The Human DNA Profiling Bill, the law that regulates the collection, storage and use of the human genetic code, has attracted some strong criticism from civil liberties groups including the Bengaluru-based Centre for Internet and Society (CIS) which had participated in the expert committee for DNA profiling constituted by the Department of Biotechnology in 2012.

CIS circulated a detailed dissent note earlier this year on the draft of the Bill. As the government gets ready to table the Bill in Parliament, CIS Executive Director Sunil Abraham tells Kanika Datta why the provisions of the Bill are open to misuse and invasion of privacy. Edited excerpts:

Why does Centre for Internet and Society reject using DNA analysis for non-forensic use as set out in the Human DNA Profiling Bill in its current form? What are the possible risks involved here?

The problem here is that the introduction to the Bill talks of DNA matches "without a doubt". But the way we understand it, biometric technology depends on approximate matching and not discrete matching. Unlike, say, the technology used for matching digital signatures, machines for matching DNA, fingerprints or the iris specify a false positive ratio when they leave the factory - that's what created the controversy in the O J Simpson trial, for example. This means you have to be very conservative in populating the database. For a given false positive ratio - the larger the database the greater the incidence of mistaken identification. That is why we think that for purposes other than forensic use, it would be better to create other databases.

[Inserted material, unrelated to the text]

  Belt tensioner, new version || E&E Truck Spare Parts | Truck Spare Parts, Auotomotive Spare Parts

Let me clear: we are not Luddites but neither are we naïve techno-enthusiasts. After all, the Innocence Project in the US has managed to overturn the convictions of many people who were held guilty through DNA evidence. But it is a myth that the more sophisticated the technology the more secure and accurate it is. In fact, the reverse is often true. For instance, the voter machines we use in India are primitive technology but they are much harder to compromise compared to the voting machines used in the US. Given all this, we believe that there should be "process fixes", such as sending DNA collected from a crime scene to two laboratories as a check and balance against the fallibility of human beings and machines.

CIS made the point that the powers of the DNA Board are too wide. In what possible way could these powers be misused since the Board is to be an independent authority?

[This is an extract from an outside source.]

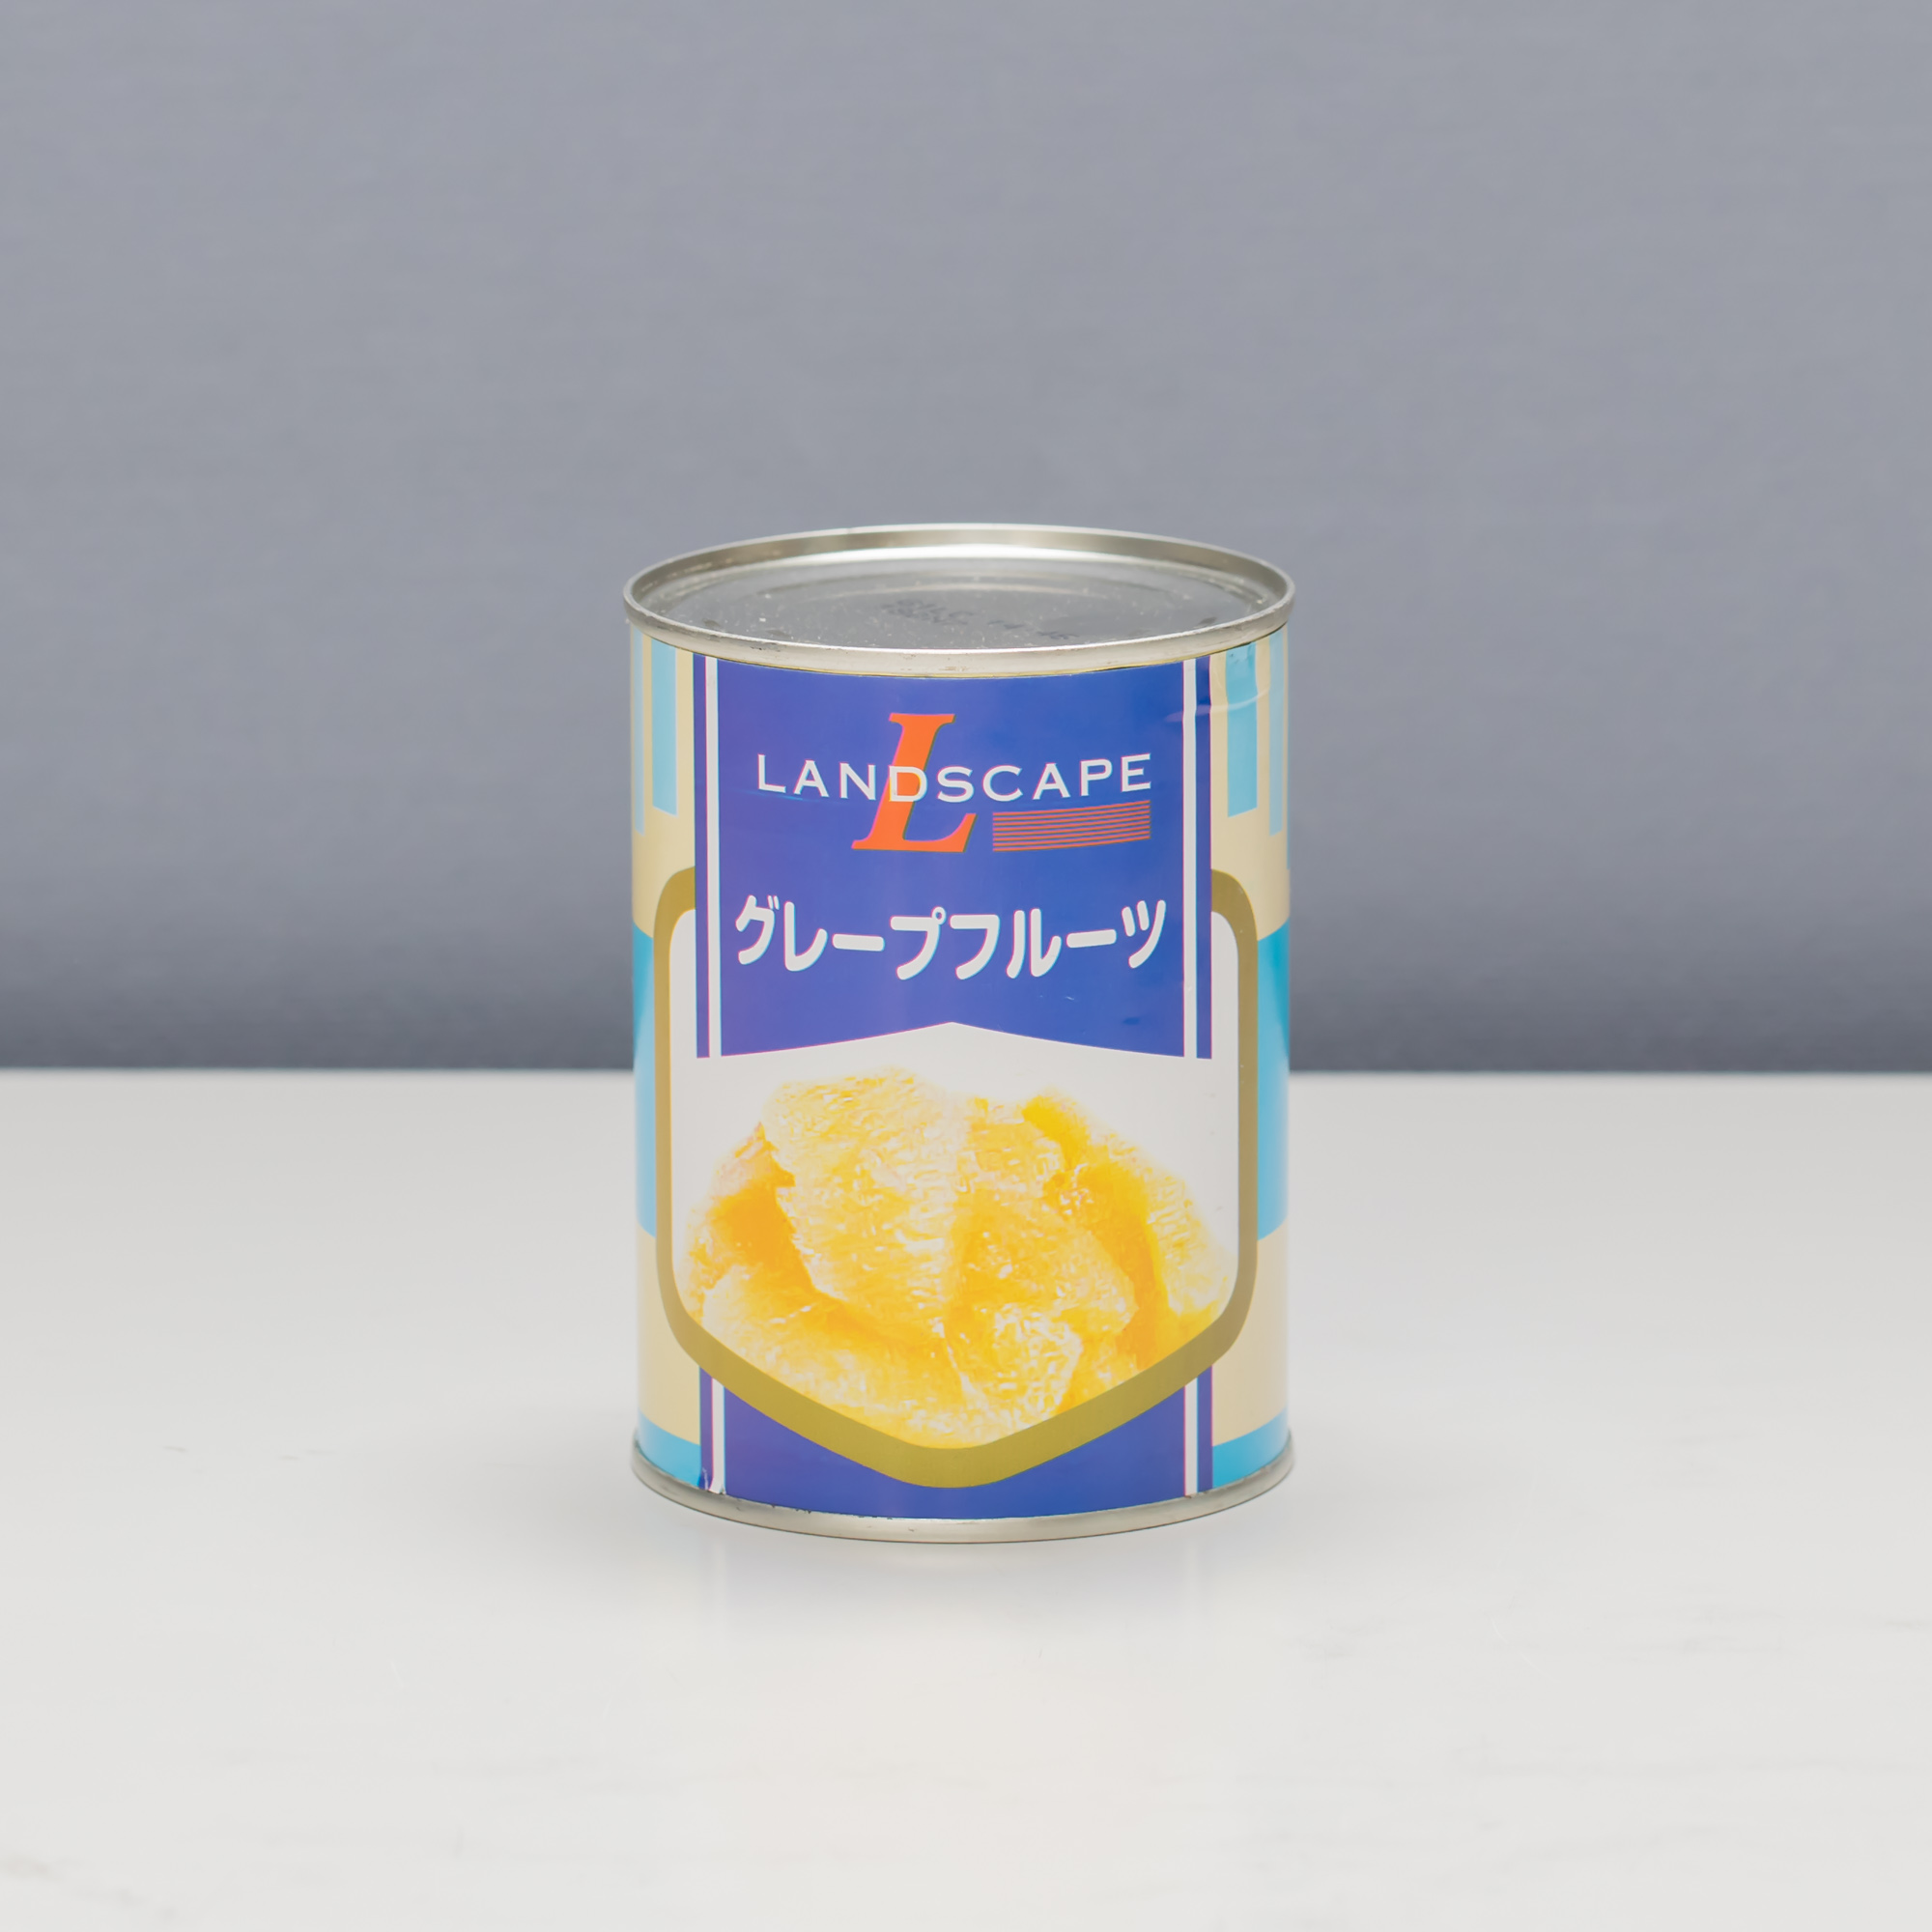 オレンジ・グレープフルーツ | マックストレーディング株式会社

When this exercise was started, the DNA Board had 26 functions. We proposed that this be cut this down to ten, which was accepted by a sub-committee. But when the final Bill came back it rejected the consensus view and restored the 26 functions, including things like "raising the general awareness". All this detracts from the Board's primary role and efficiency and expands its discretionary powers. It is true that a good regulator needs some amount of discretion but this should be a limited discretion within a tightly defined scope -- this is true for any regulator, not just the DNA Board.

The provision that no civil suit can be entertained on any matter on which the DNA Board is empowered under the Act looks excessive. Is there any precedent that explains why this provision was introduced? What kind of oversight and checks and balances are there in other jurisdictions that could be incorporated in the Indian law?

I can understand the logic here; the government is trying to ensure that the regulator has final say. After all, if you look at telecom, the decisions of the TDSAT (Telecom Dispute Settlement & Appellate Tribunal) can be appealed in the High Court and the Supreme Court. But eliminating judicial appeal as this Bill has state amounts to a violation of classic regulatory design by circumventing the appellate process. Ideally, we need a tripartite separation of law in which the executive frames policies, the DNA board implements them and the courts adjudicate upon them.

You have said the term "DNA Analysis" has not been defined. Could you explain the possible risks of the absence of a definition?

DNA analysis is of many types and some of them allow you to get to know a person quite intimately in terms of their medical history, genetic traits and so on. But forensic analysis looks at a limited set of markers which are essentially privacy-protecting and from which no genetic traits can be determined. You can't, for instance, do a study on the genetic make-up of criminals from this analysis. Now, if this Bill is around law enforcement - which we know is the policy intention - then the DNA analysis should be limited to those markers. That would reduce the chances of abuse.

You have also criticised the low standards of information disclosure and suggest the issue should be vested in an independent third party rather than the DNA Bank Manager. Could you explain how this would help?

In information and technology and telecom there is an executive authorisation mechanism in place for information sharing that requires the home secretary's permission for non-emergency situations and the head of the police station in the case of an emergency. We want a similar authorisation process - say, a judge and an established paper trail so that there are proper checks and balances. When personal information is involved, even the DNA Board is not well placed because its members are scientists whereas disclosure of personal information is a question of the law.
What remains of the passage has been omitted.